__WORK REQUEST__
Restate the data below word for word, omitting pictures.

__SOURCE MATERIAL__
◆ ◆ ◆ ◆ ◆ ◆ ◆
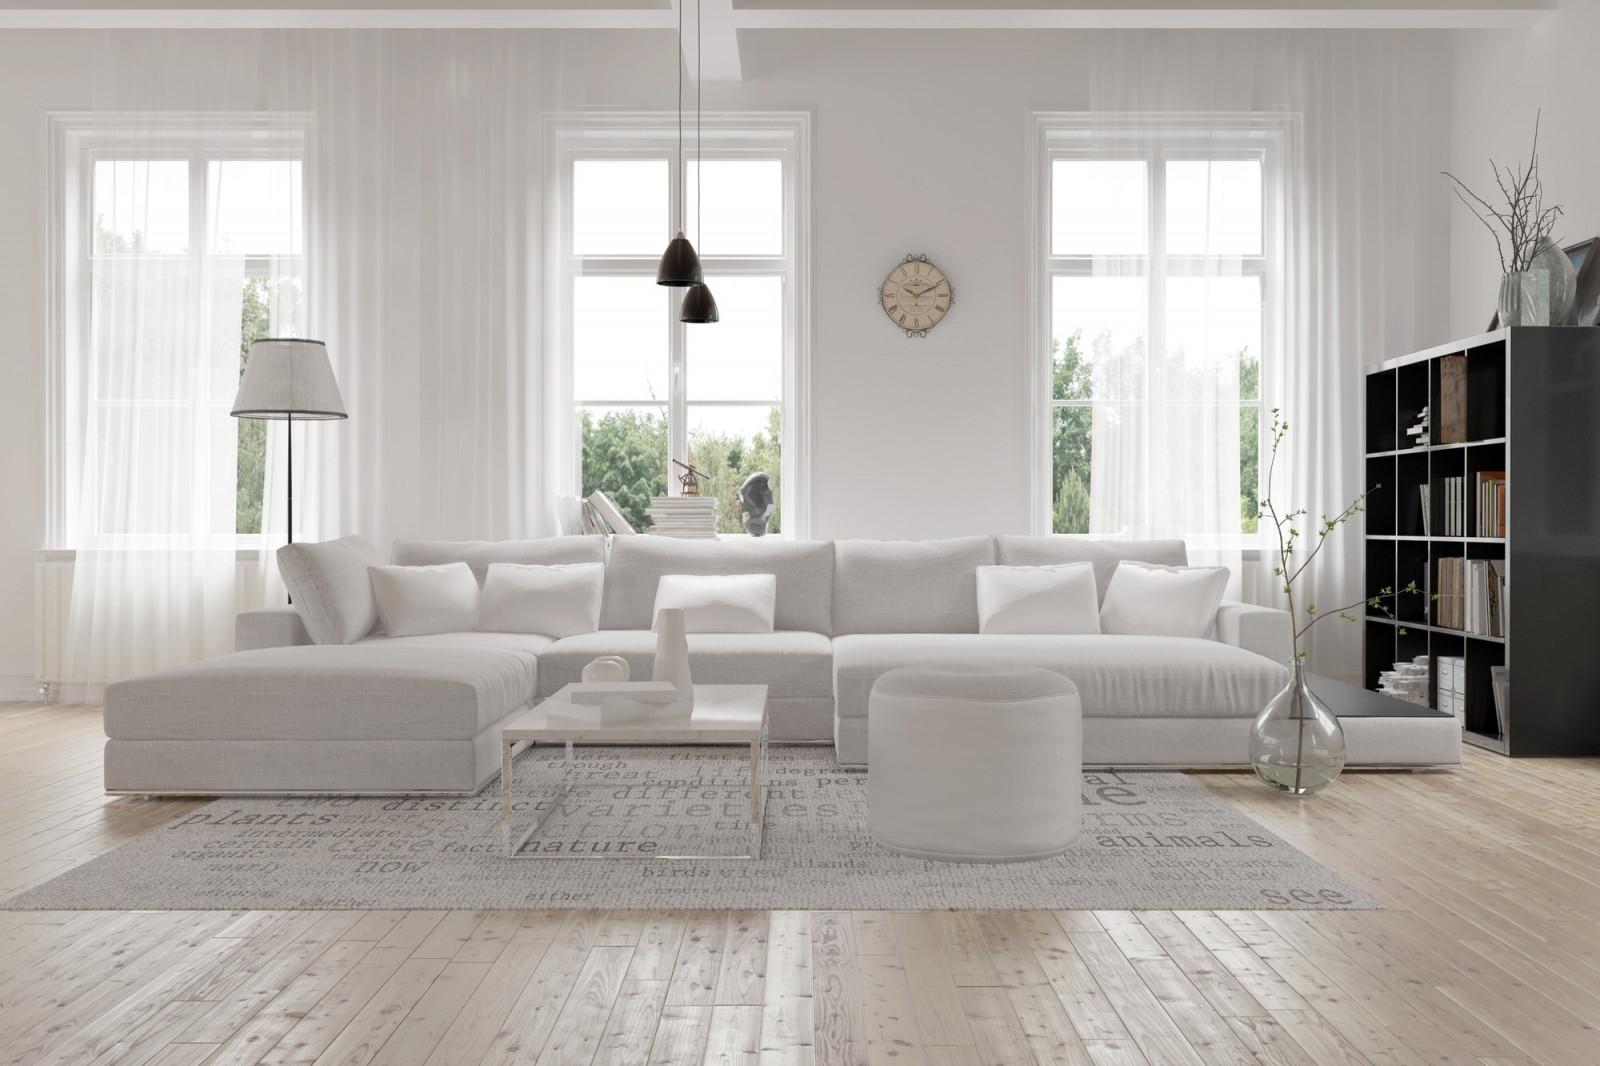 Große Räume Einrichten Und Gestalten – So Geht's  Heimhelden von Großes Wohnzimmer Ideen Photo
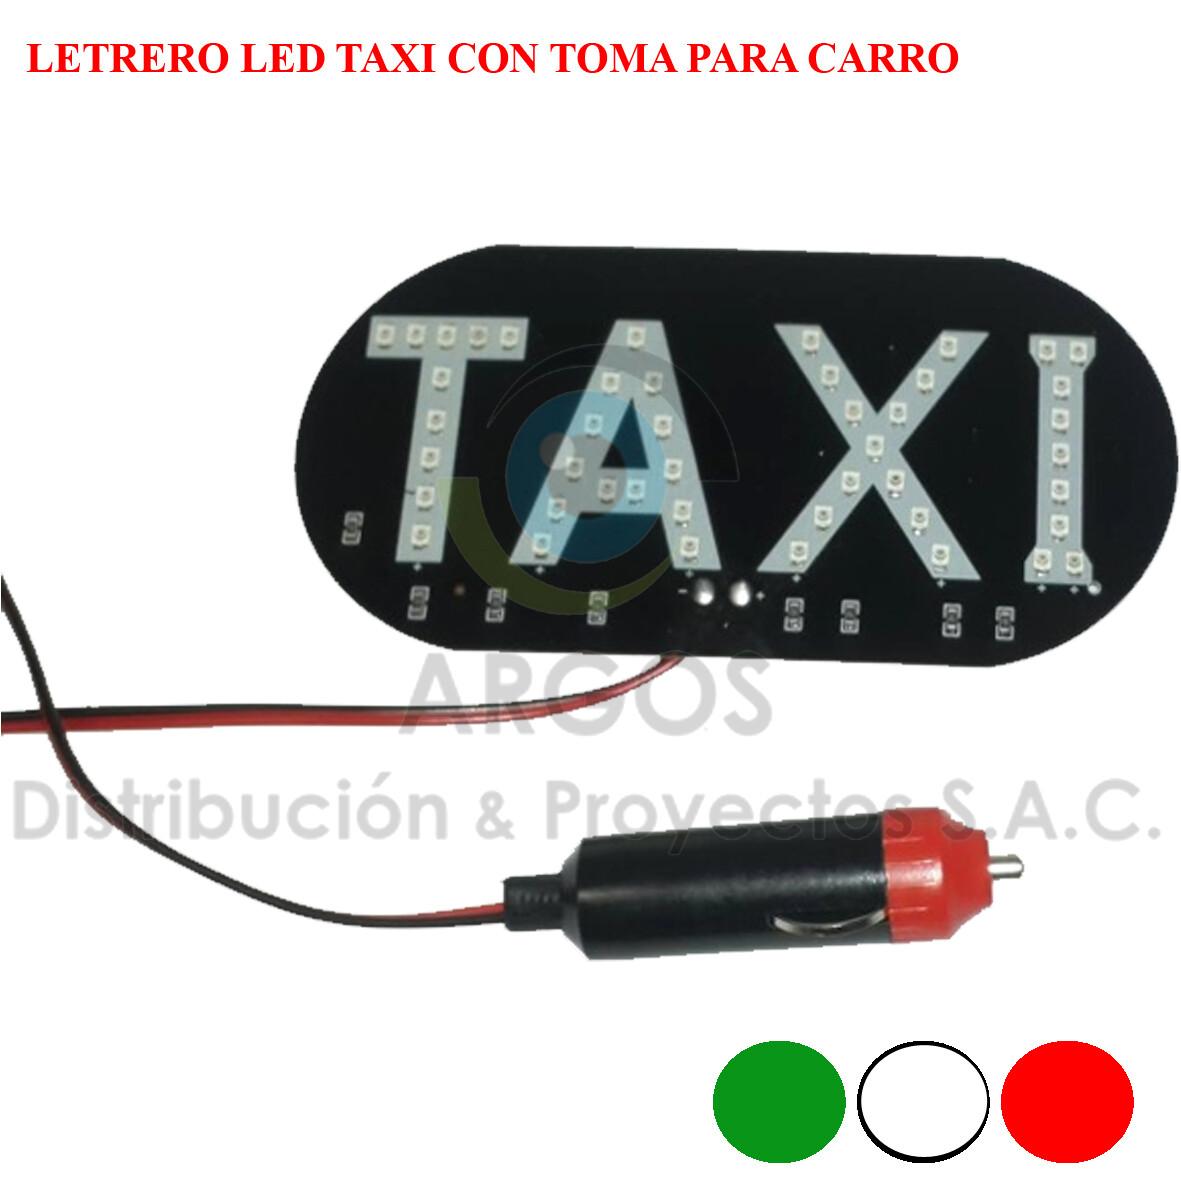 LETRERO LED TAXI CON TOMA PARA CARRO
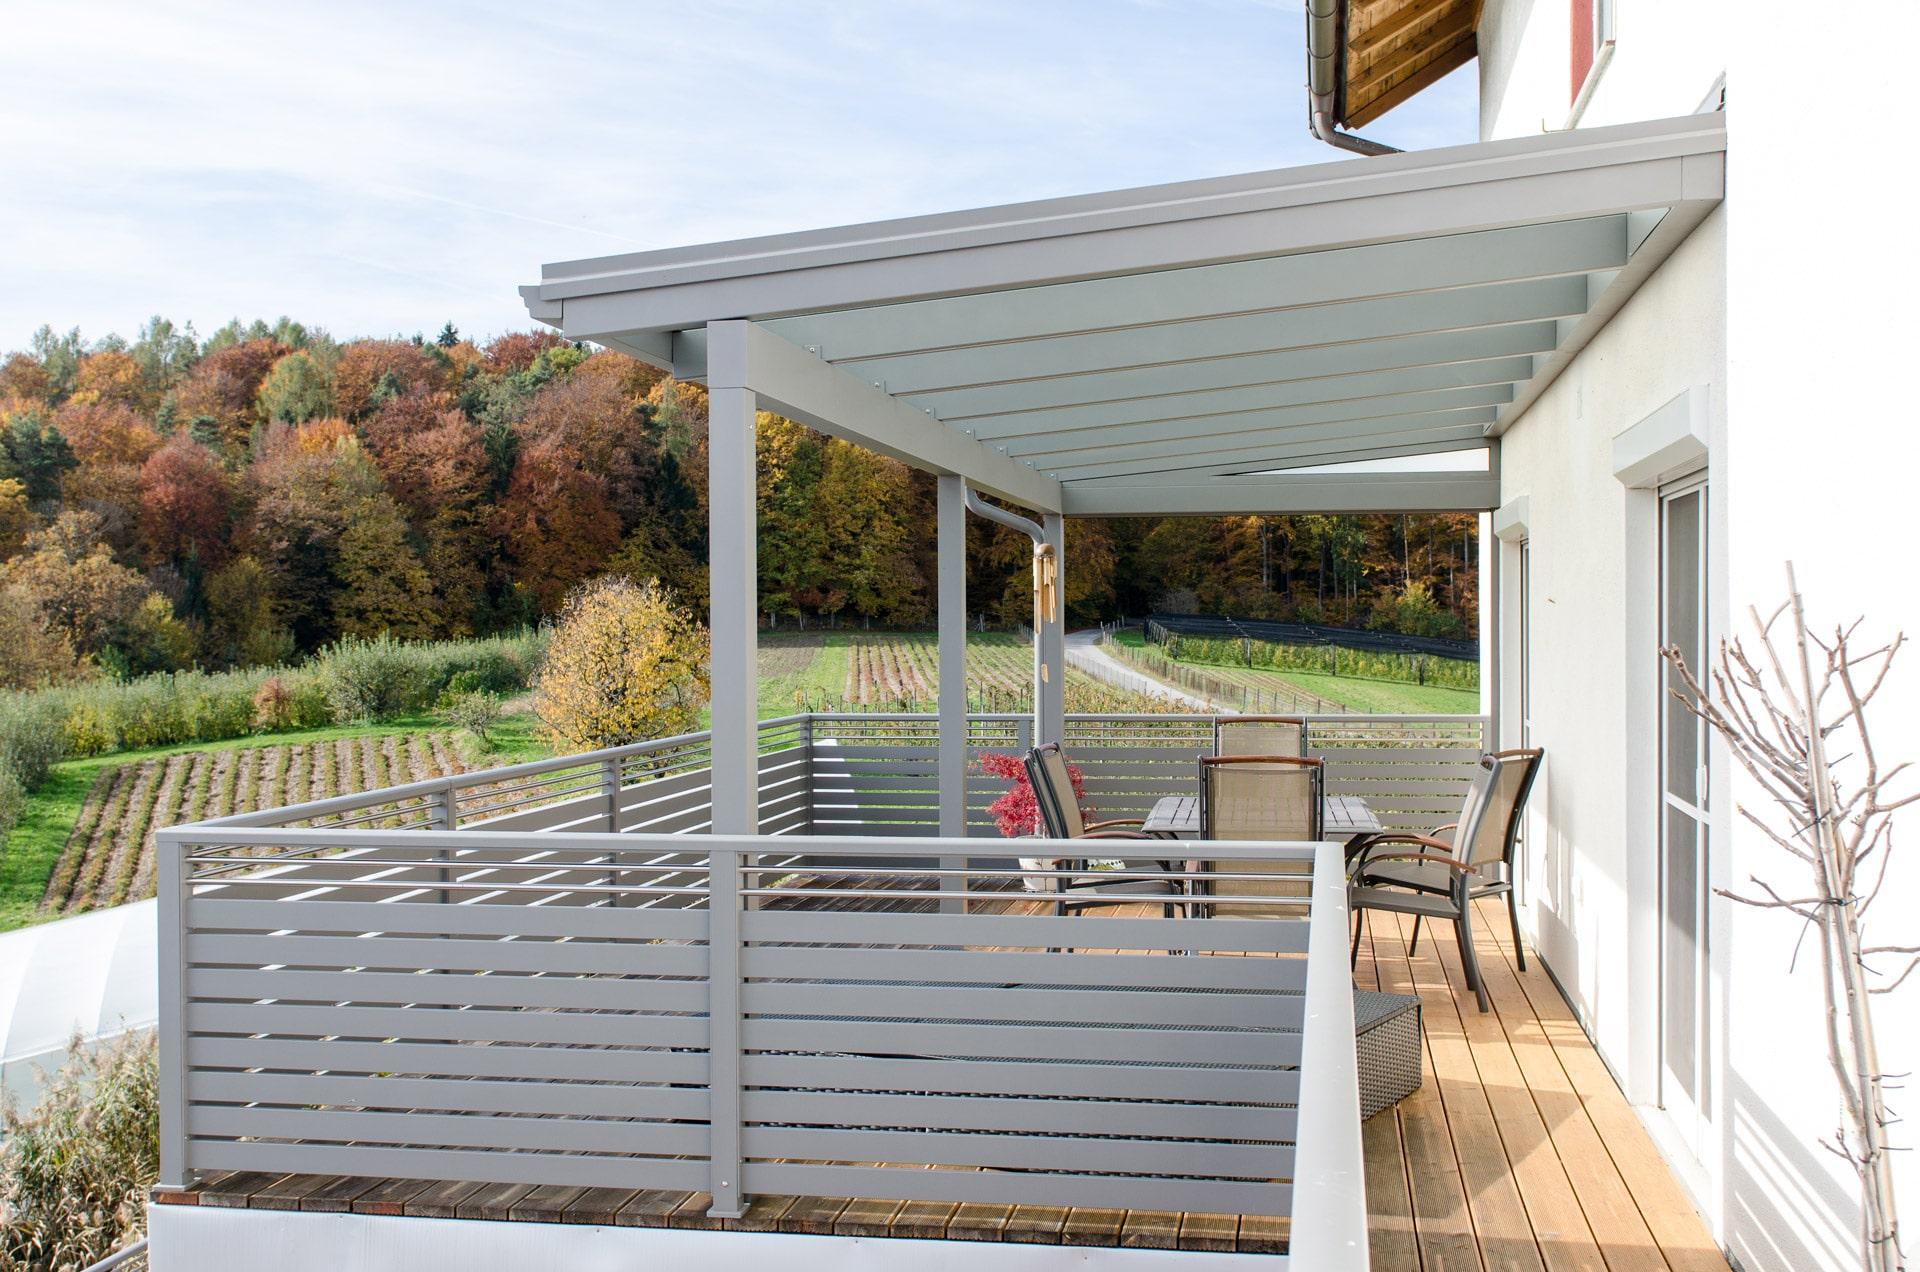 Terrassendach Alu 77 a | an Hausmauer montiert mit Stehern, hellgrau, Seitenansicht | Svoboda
◆ ◆ ◆ ◆ ◆ ◆ ◆
__RESULT__
 Große Räume Einrichten Und Gestalten – So Geht's  Heimhelden von Großes Wohnzimmer Ideen Photo
 LETRERO LED TAXI CON TOMA PARA CARRO
 Terrassendach Alu 77 a | an Hausmauer montiert mit Stehern, hellgrau, Seitenansicht | Svoboda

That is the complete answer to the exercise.